RECORD EXTRACTS START

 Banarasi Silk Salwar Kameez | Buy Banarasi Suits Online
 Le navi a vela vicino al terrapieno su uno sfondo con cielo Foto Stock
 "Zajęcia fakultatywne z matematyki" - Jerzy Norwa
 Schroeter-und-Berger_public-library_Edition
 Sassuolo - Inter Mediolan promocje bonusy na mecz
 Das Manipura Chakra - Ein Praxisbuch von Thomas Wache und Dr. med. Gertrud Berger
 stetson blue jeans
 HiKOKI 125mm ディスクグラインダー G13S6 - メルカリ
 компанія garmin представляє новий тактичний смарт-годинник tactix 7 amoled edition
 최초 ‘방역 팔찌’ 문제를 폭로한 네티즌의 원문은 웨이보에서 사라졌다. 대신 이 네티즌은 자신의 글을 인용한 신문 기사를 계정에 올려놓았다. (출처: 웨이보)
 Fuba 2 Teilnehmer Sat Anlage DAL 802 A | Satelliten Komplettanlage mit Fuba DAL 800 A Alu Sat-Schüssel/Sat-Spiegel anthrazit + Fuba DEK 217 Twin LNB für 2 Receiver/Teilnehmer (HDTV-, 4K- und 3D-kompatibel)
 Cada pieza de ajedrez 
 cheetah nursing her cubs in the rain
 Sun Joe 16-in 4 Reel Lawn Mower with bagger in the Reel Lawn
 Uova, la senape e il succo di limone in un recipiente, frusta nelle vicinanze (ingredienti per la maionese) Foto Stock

RECORD EXTRACTS END

◆ THE PROBLEM ◆
Whole listing, every line: reproduce it exactly.

◆ SOLUTION TO THIS TASK ◆
 Banarasi Silk Salwar Kameez | Buy Banarasi Suits Online
 Le navi a vela vicino al terrapieno su uno sfondo con cielo Foto Stock
 "Zajęcia fakultatywne z matematyki" - Jerzy Norwa
 Schroeter-und-Berger_public-library_Edition
 Sassuolo - Inter Mediolan promocje bonusy na mecz
 Das Manipura Chakra - Ein Praxisbuch von Thomas Wache und Dr. med. Gertrud Berger
 stetson blue jeans
 HiKOKI 125mm ディスクグラインダー G13S6 - メルカリ
 компанія garmin представляє новий тактичний смарт-годинник tactix 7 amoled edition
 최초 ‘방역 팔찌’ 문제를 폭로한 네티즌의 원문은 웨이보에서 사라졌다. 대신 이 네티즌은 자신의 글을 인용한 신문 기사를 계정에 올려놓았다. (출처: 웨이보)
 Fuba 2 Teilnehmer Sat Anlage DAL 802 A | Satelliten Komplettanlage mit Fuba DAL 800 A Alu Sat-Schüssel/Sat-Spiegel anthrazit + Fuba DEK 217 Twin LNB für 2 Receiver/Teilnehmer (HDTV-, 4K- und 3D-kompatibel)
 Cada pieza de ajedrez 
 cheetah nursing her cubs in the rain
 Sun Joe 16-in 4 Reel Lawn Mower with bagger in the Reel Lawn
 Uova, la senape e il succo di limone in un recipiente, frusta nelle vicinanze (ingredienti per la maionese) Foto Stock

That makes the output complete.